LETTER ONE: AN INTRODUCTION
Dear Partner, Old Soulmate, we’ve come a long way
Down fast lanes and dirt roads crossed an ocean or two
Shared adventure and danger with friends and strangers
Doing the best that we thought we could do
Now there's more lines on my face then I've left for the ladies
More no's than ever were yeses or maybes
More times I wondered, where do I belong?

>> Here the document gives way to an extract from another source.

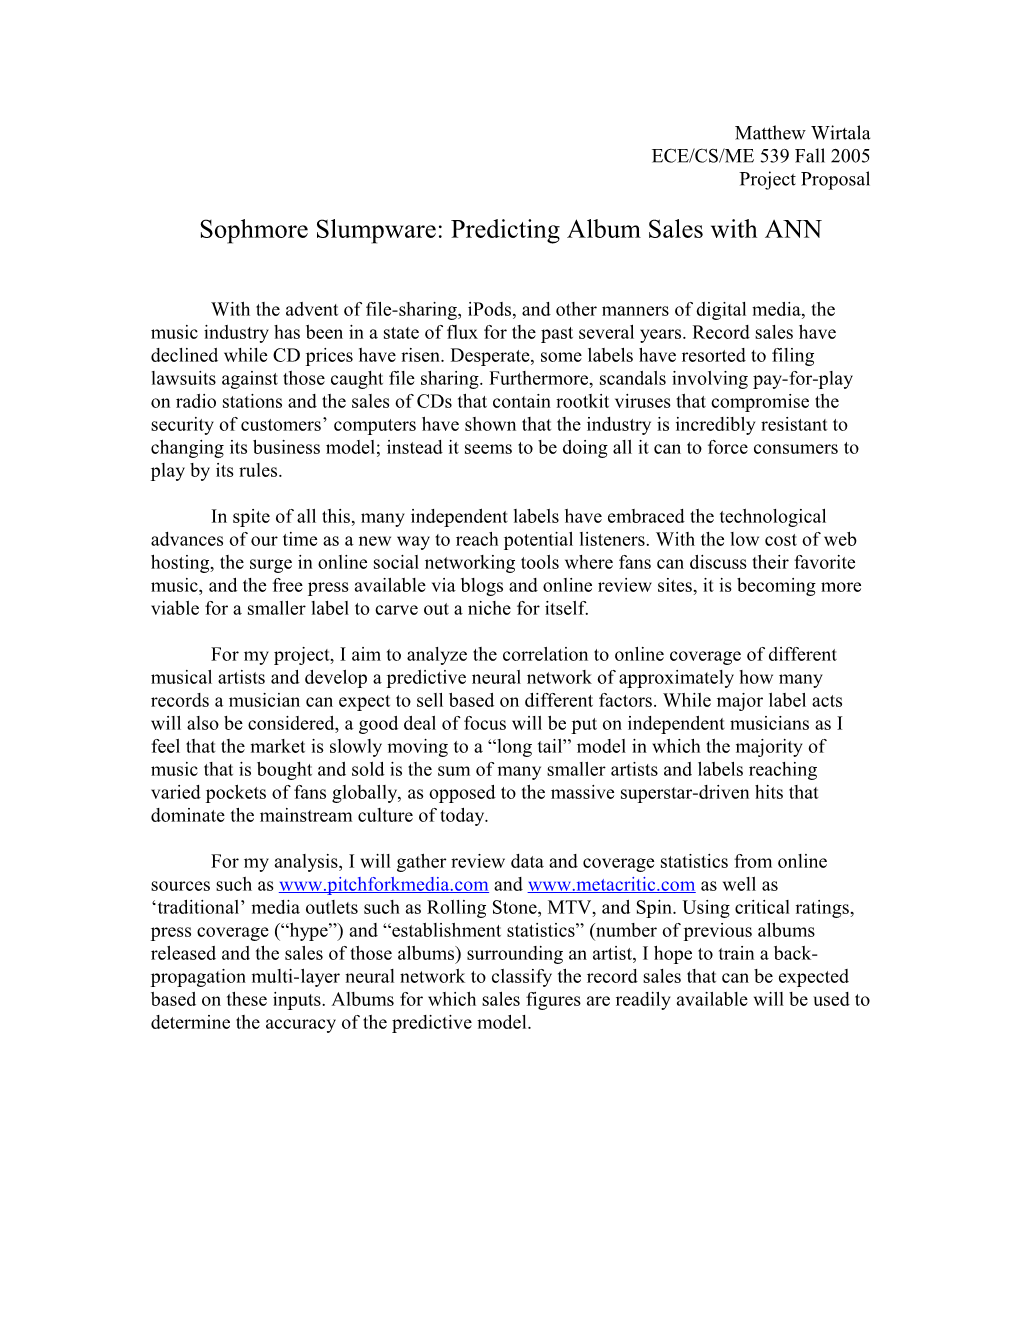 Sophmore Slumpware: Predicting Album Sales with ANN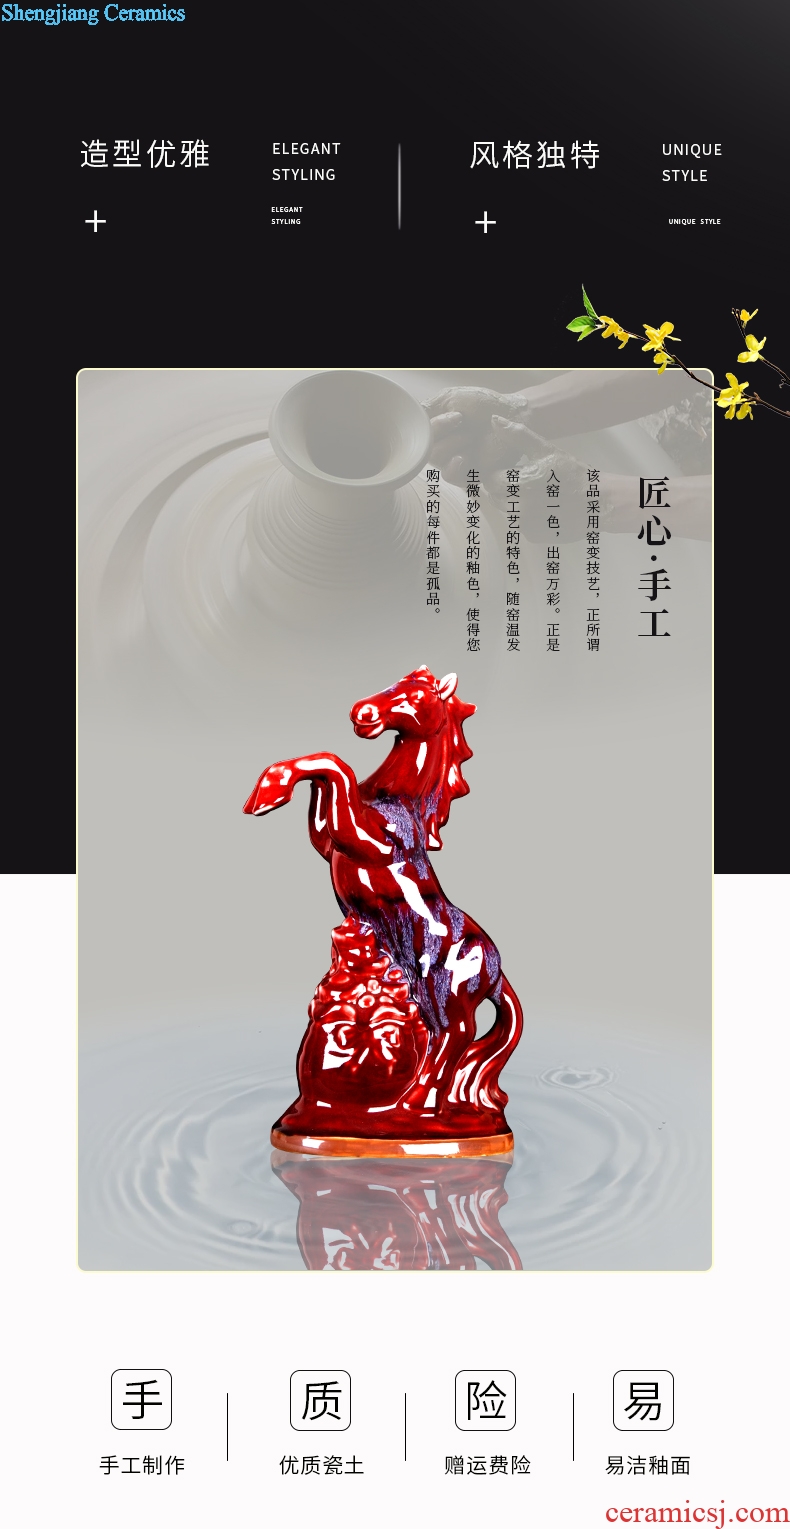 New Chinese style classical jingdezhen ceramics art horse home sitting room ark TV ark adornment handicraft furnishing articles

My boots have worn out before I could die with them on
Chorus
Thought we'd go out in a great ball of fire
Get shot or arrested as we fooled with desire
Thought we'd be gone when the piper cam round
Before life filled us up and started slowing us down
©Copyright 1983 Love Gives More Music
Welcome to Songs and Stories from Home. You’ve just heard the first verse and the chorus of Dear Partner, a song I wrote more than 35 years ago for my friend and longtime song mate, Mike McCoy. Before the Corona Virus changed everything, our plan was to record a bunch of new songs and share them in the fall of 2020 as a way of celebrating 55 years of friendship as well as the 25 years since a dark night in McCoy’s life made us even closer and helped bring us to this day. Recording the new songs will have to wait, replaced for the moment by a series of letters I’m writing to him and sharing with you called Dear Partner.
Dear Partner,
Who would have thought or could have imagined in the fall of 1965 that two kids, one from Spokane and the other from Sumner, with football scholarships to the University of Washington, would today, at least figuratively, be sitting on that park bench Paul Simon wrote about all those years ago thinking indeed how terribly strange it is to be 70, or in our case in our 70’s. I am happy to say there’s still too much to look forward to to spend much time on that park bench. I’m delighted that despite some health scares and setbacks the chorus of one of the songs we sang five years ago to celebrate 50 years of friendship still holds.
Our best day may be tomorrow, our best song yet to be sung
Our best story still unwritten, finest moment still to come
Best adventure out there waiting, best discovery still unfound
Greatest time we’ve had together? Who knows it might be now
©Copyright 2015 Love Gives More Music
Thinking about our relationship I was thinking back to who we were all those years ago. One of those laugh until you cry memories. And then I thought of all the things I’ve learned since then…
The most important thing I’ve learned and continue to learn is how to love, and how to let someone love me, even the broken places, especially the broken places. I’ve learned that having faith in something is essential. That while hope may be optional, despair destroys. I’ve learned the importance of offering and receiving grace. To be forgiven and to forgive. The person hardest to forgive? Myself. I learned that what we do is important but not as important as who we are. While I’ve heard and believe we are as sick as our secrets, I’ve learned we can also be as healthy as the stories we share and the songs we sing together. I learned the beauty of joy, the power of patience, the gifts that come with gratitude, and the satisfaction that accompanies grit. For a long time, I was unaware of the fear I was living in. Finding, facing, and freeing my fears taught me that I didn’t have to live in them, but I could learn to live with them. And once I learned that I learned of other things buried deep that had defined me that I could now define. I learned there’s a price to pay to repair and redeem, though it’s nowhere near the cost of leaving unrepaired and unredeemed. I found how hard it can be to find and keep my balance. The only way I learned was to get up after I fell or failed and try again. I learned to listen for, to hear and to trust when something rings true. I learned the importance of truth. And kindness. I learned how long, lonely, and dark a night can be and the wonder of awakening to a new day where faith is strong, hope is high, joy abounds, and love abides.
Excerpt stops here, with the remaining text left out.